I’m currently attempting to teleport my currently controlled pawn from one location to another. The target location is marked by an empty actor ball, which (in theory) should provide me with the location I want to teleport to during runtime:
However, I get a completely incorrect location when using either GetActorLocation or GetWorldLocation. Both functions produce the same result as shown here:
Using this incorrect location, it spawns me in yet another unforeseen location here:
So here I have two actors – one with tag Spawn_1, where I’d like my pawn to teleport to, and Lookat which is where the pawn should be looking after teleporting.
Excuse my ignorance, but does this signify the bounds of my map, even though it, in reality, extends much farther than that yellow box? How do I expand this yellow box?
When I manually put in the locations of both the spawn and look at actors for my teleport function, it put me somewhere completely on the other side of the map… is it possible that the origin is being reset to some location when I launch my game?
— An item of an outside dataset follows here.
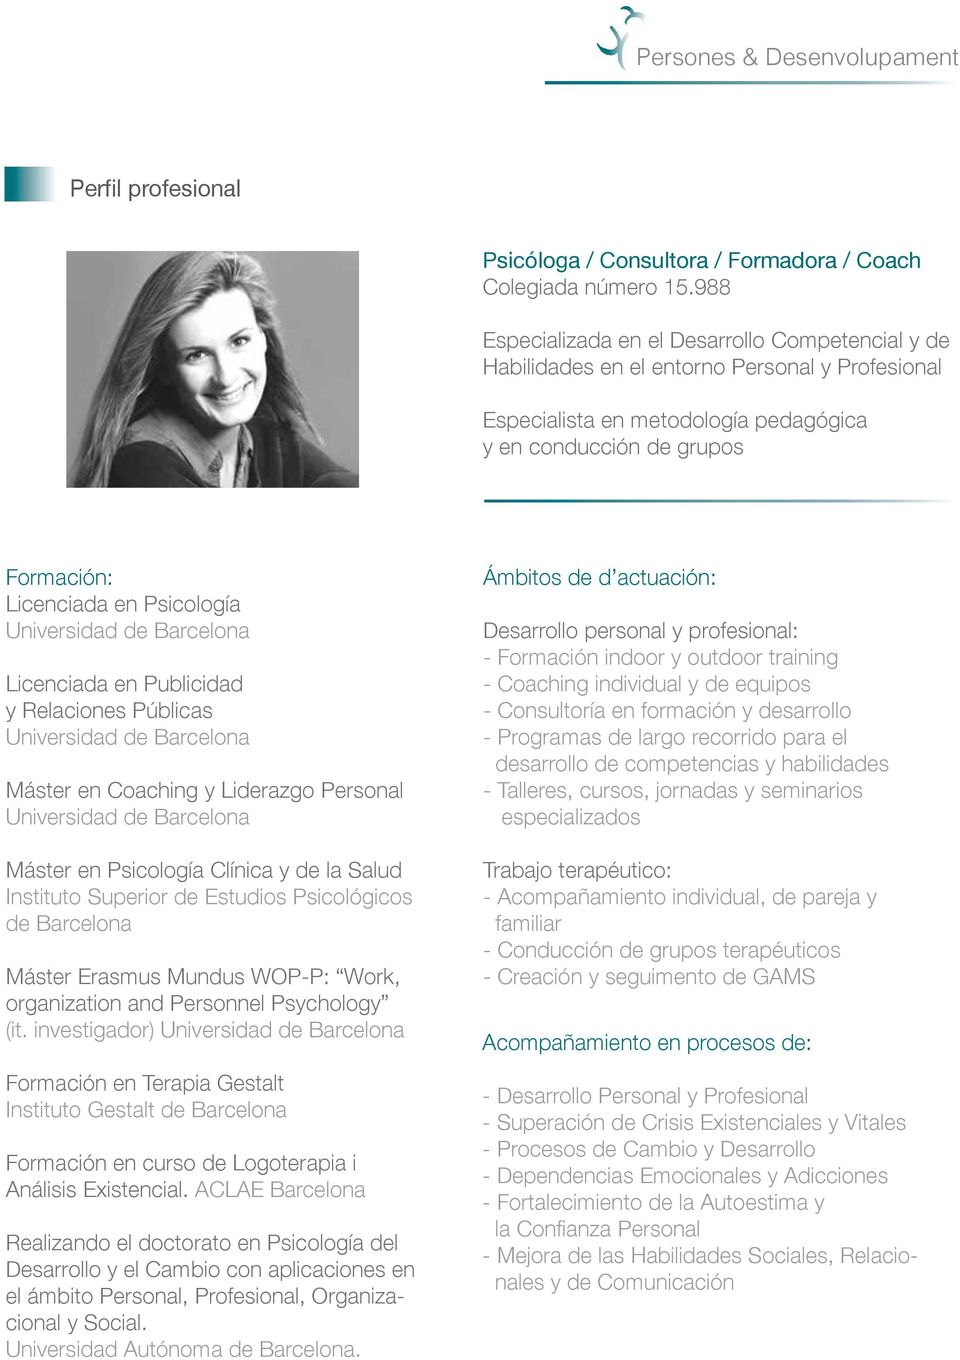 Psicología Licenciada en Publicidad y Relaciones Públicas Máster en Coaching y Liderazgo Personal Máster en Psicología Clínica y de la Salud Instituto Superior de Estudios Psicológicos de Barcelona

(0, 0, 0) seems to be the “Player Start”, so I think that’s where its setting the origin. Interesting.
Excuse my ignorance, I suppose I don’t quite understand how root components work, then. Would I need to, then, get the root component of the actors I want to teleport / teleport to instead of how I was doing it prior?
Update: So I navigated to the point where I wanted to teleport to in the game, and I printed to the screen the current location. When I manually put that location in my blueprint, it “snaps” me to light post, similar to how it was “snapping” me to the trees. Why is my pawn melding itself to the side of objects after the teleport?
It depends how that actor moves / behaves. Typically you want blueprint to be self contained, meaning the root has everything inside attached, but enabling physics, for example, bfeaks that connection. So you might think the actor (root component) location is X, but the component (could be the camera or any visible mesh) is X + Y.
What you did above is not wrong, you just have to confirm the components are where you think they are so they move coherently.
Idk. What I do know is that pawns do not have free will… it’s only doing what you are telling it to do.